____ SOURCE DATA

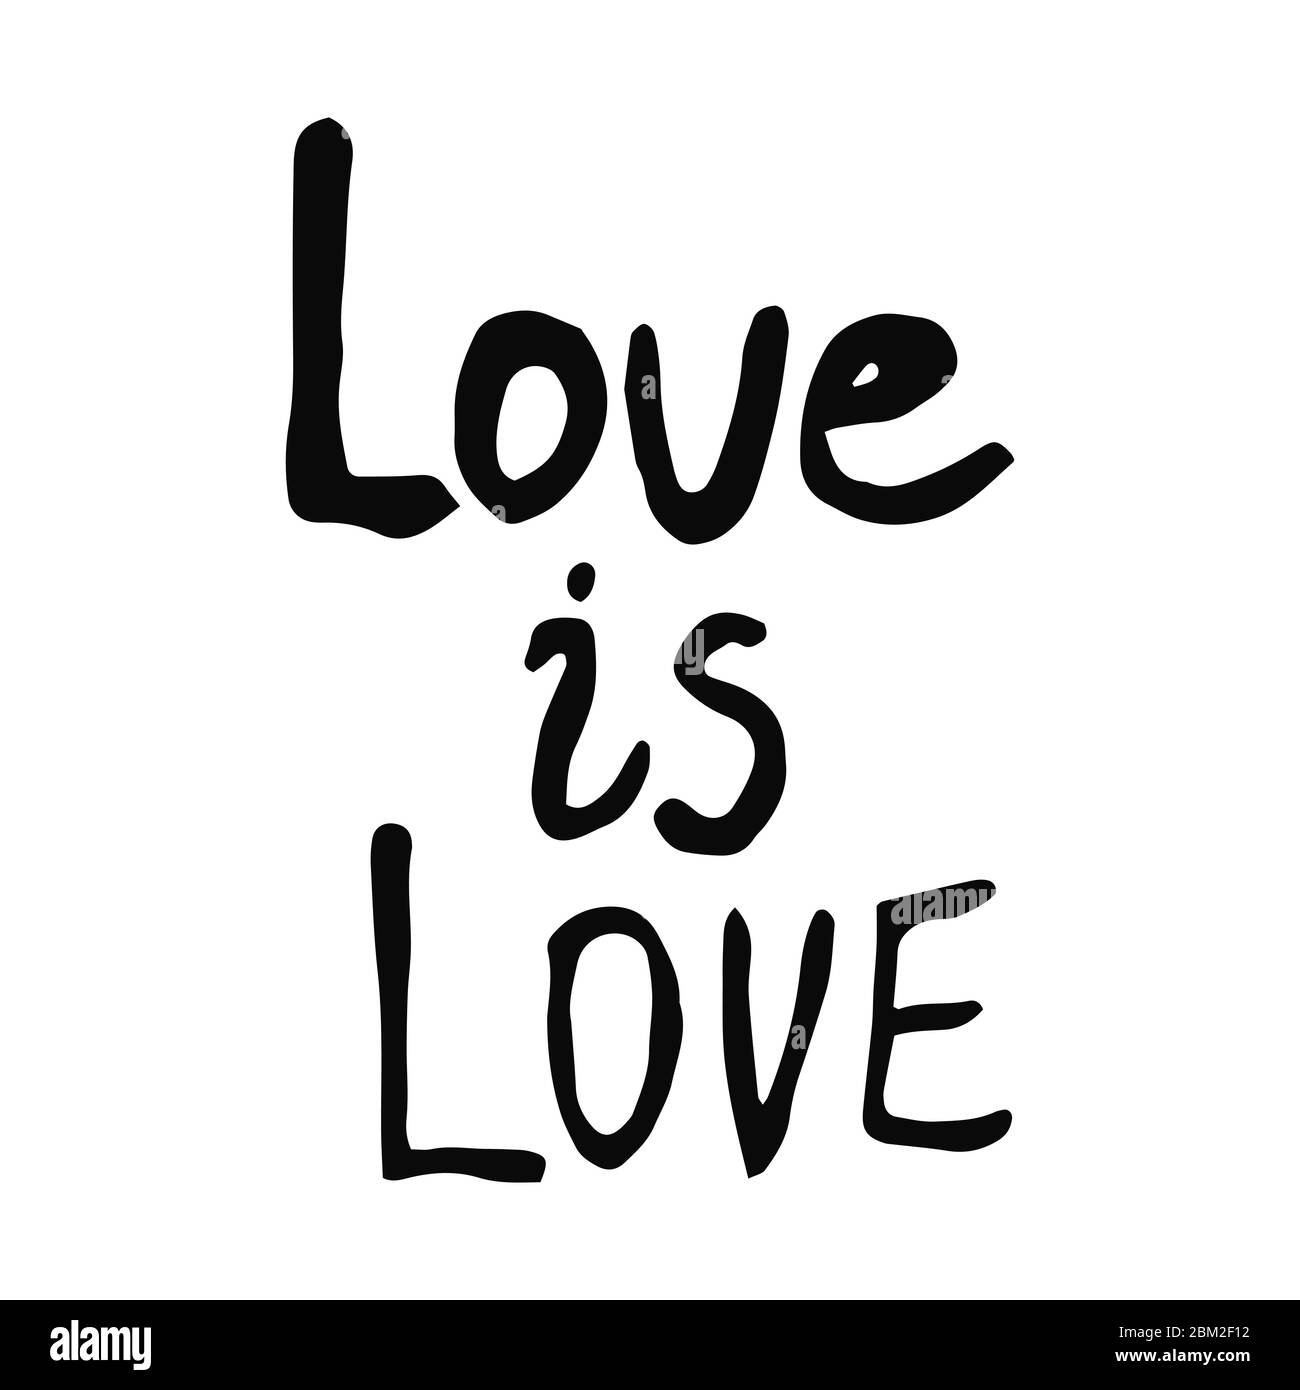 Lettering Text Liebe ist Liebe im Doodle-Stil - Leben, wird, besser, together.Hand geschrieben Stolz, Liebe, Frieden Schriftzug mit Regenbogen..LGBT Rechte Symbol. Ist Stock Vektor
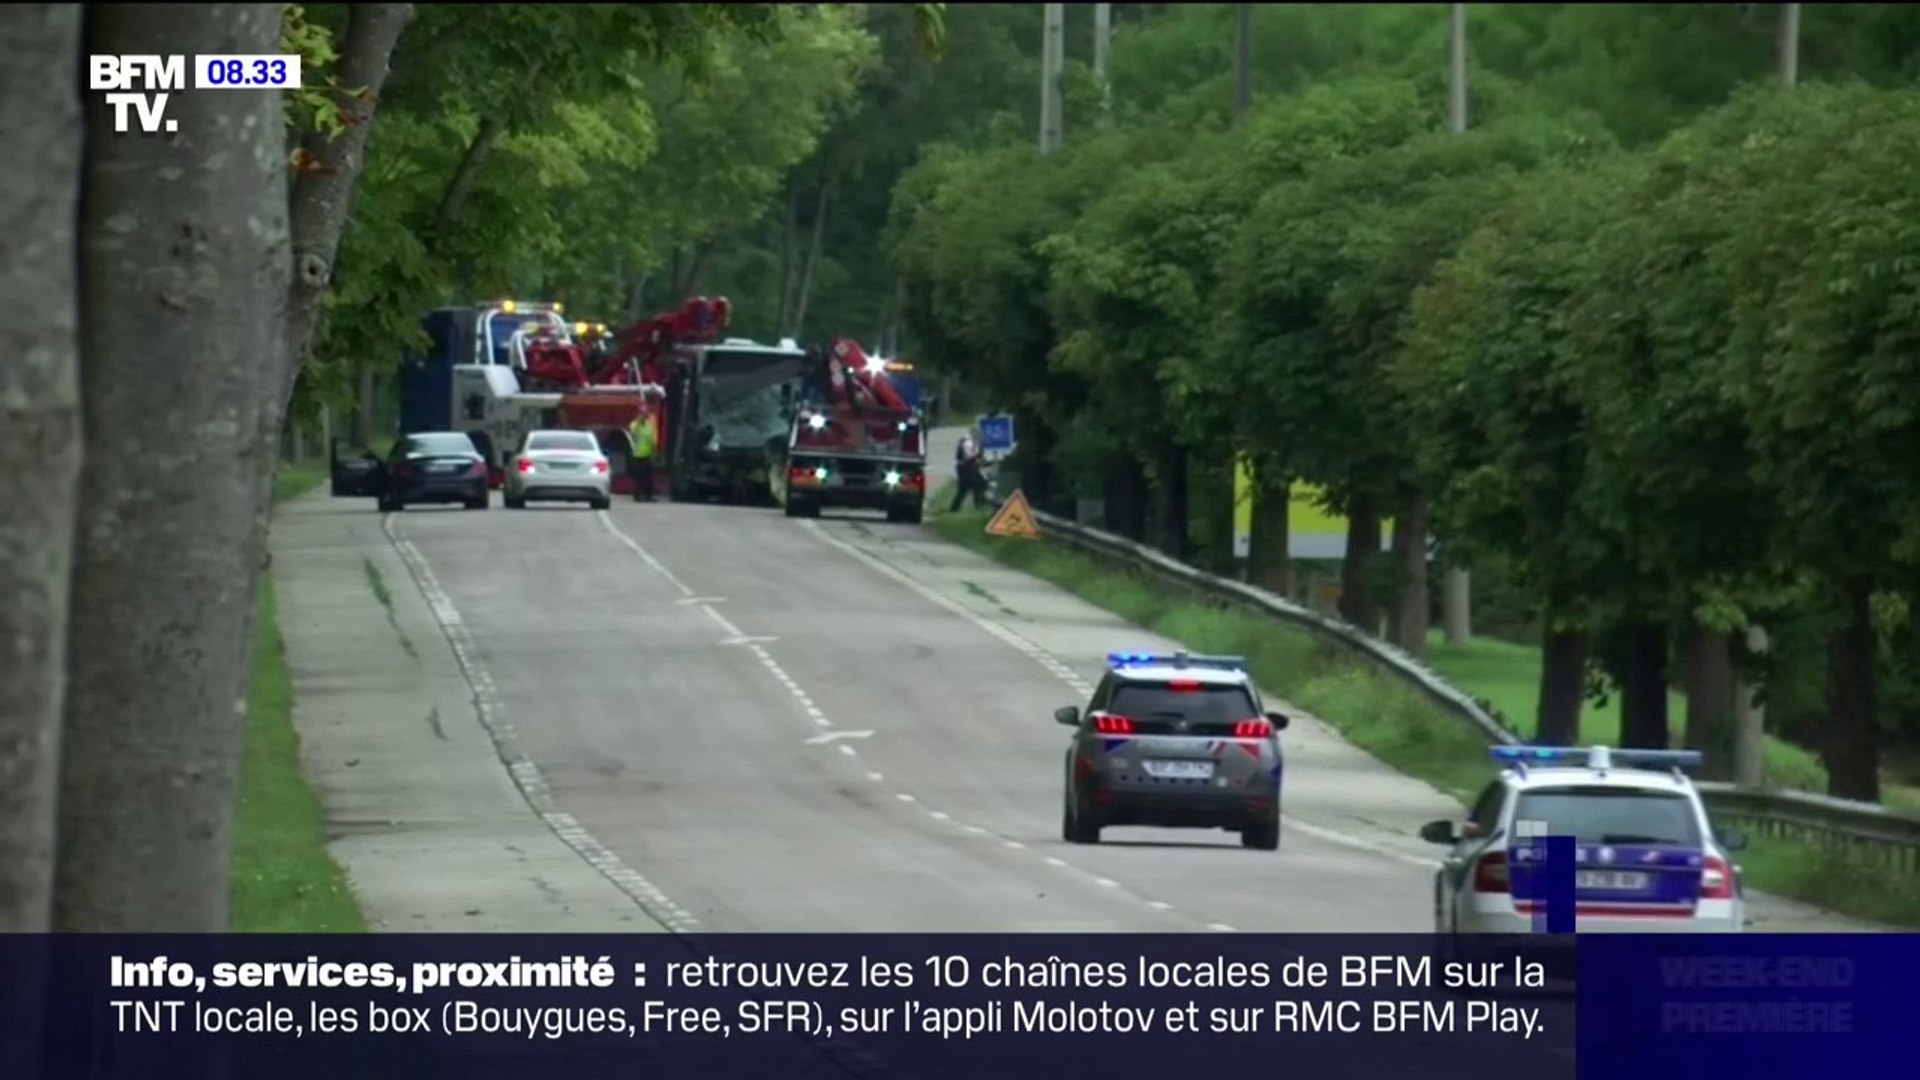 Alcool au volant: un homme de 21 ans cause la mort de deux personnes dans  un accident de la route dans les Yvelines - Vidéo Dailymotion
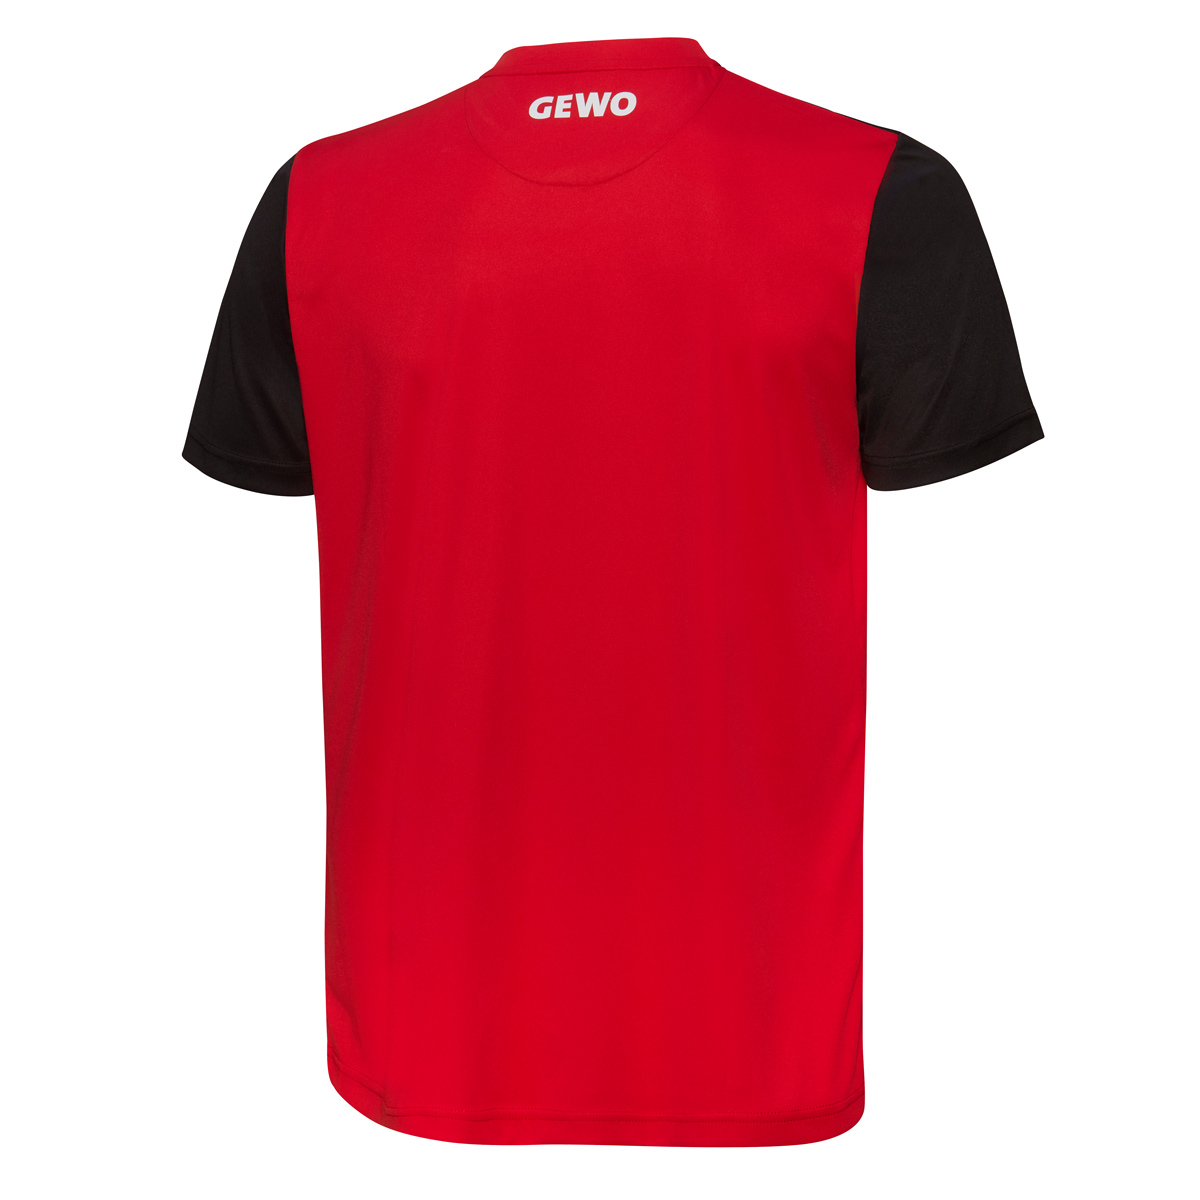 GEWO Shirt Zamora rot/schwarz XXXXS
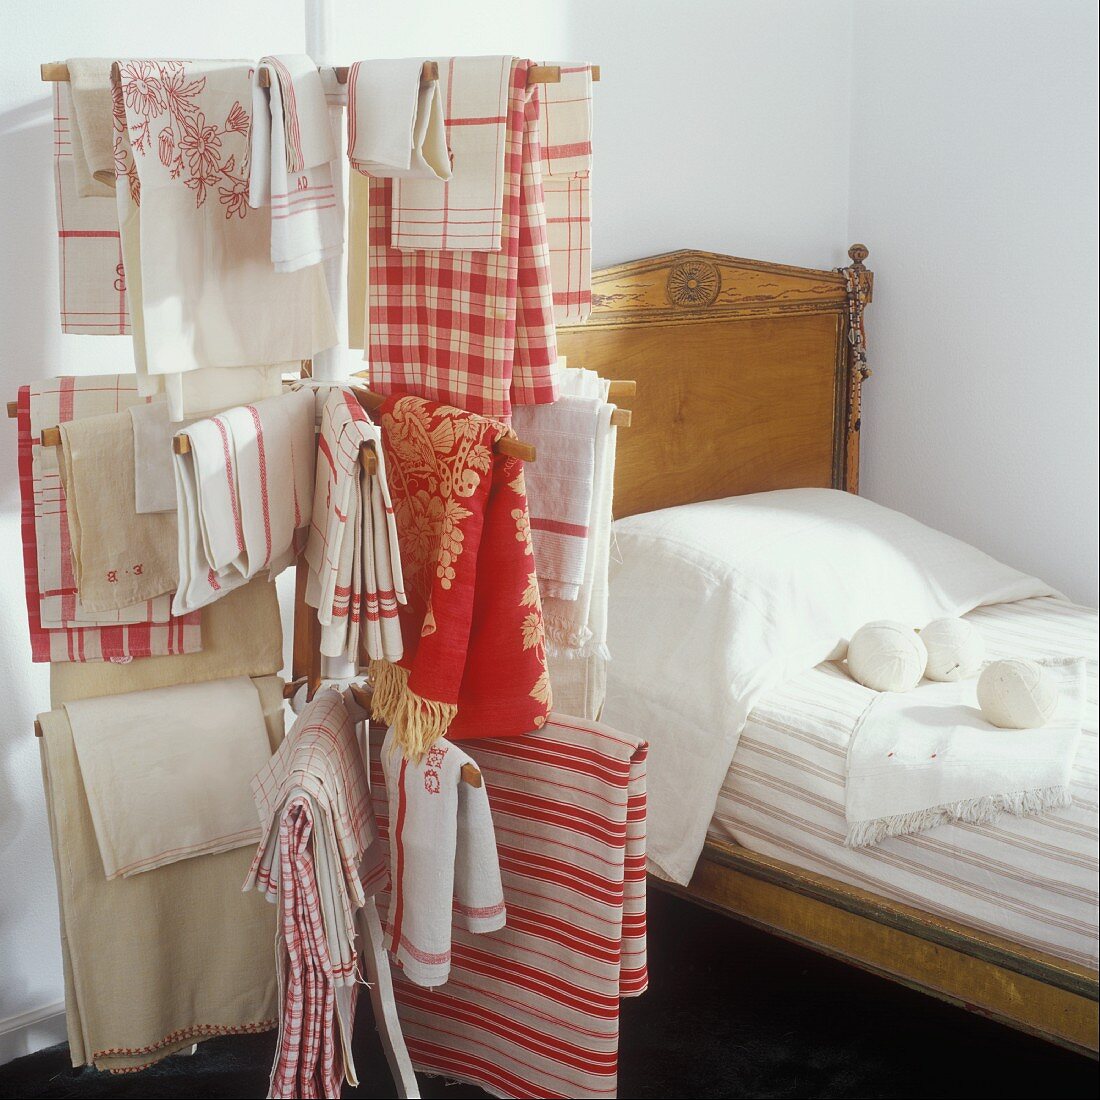 Antikes Bett mit an einem Wäschetrockner hängender Vintage-Wäsche in Rot-Weiß

________

__GOAL OF THE EXERCISE__: Could the material above be given again in full and exactly, with its pictures left out?

__WRITTEN SOLUTION__:
 Lettering Text Liebe ist Liebe im Doodle-Stil - Leben, wird, besser, together.Hand geschrieben Stolz, Liebe, Frieden Schriftzug mit Regenbogen..LGBT Rechte Symbol. Ist Stock Vektor
 Alcool au volant: un homme de 21 ans cause la mort de deux personnes dans  un accident de la route dans les Yvelines - Vidéo Dailymotion
 GEWO Shirt Zamora rot/schwarz XXXXS
 Antikes Bett mit an einem Wäschetrockner hängender Vintage-Wäsche in Rot-Weiß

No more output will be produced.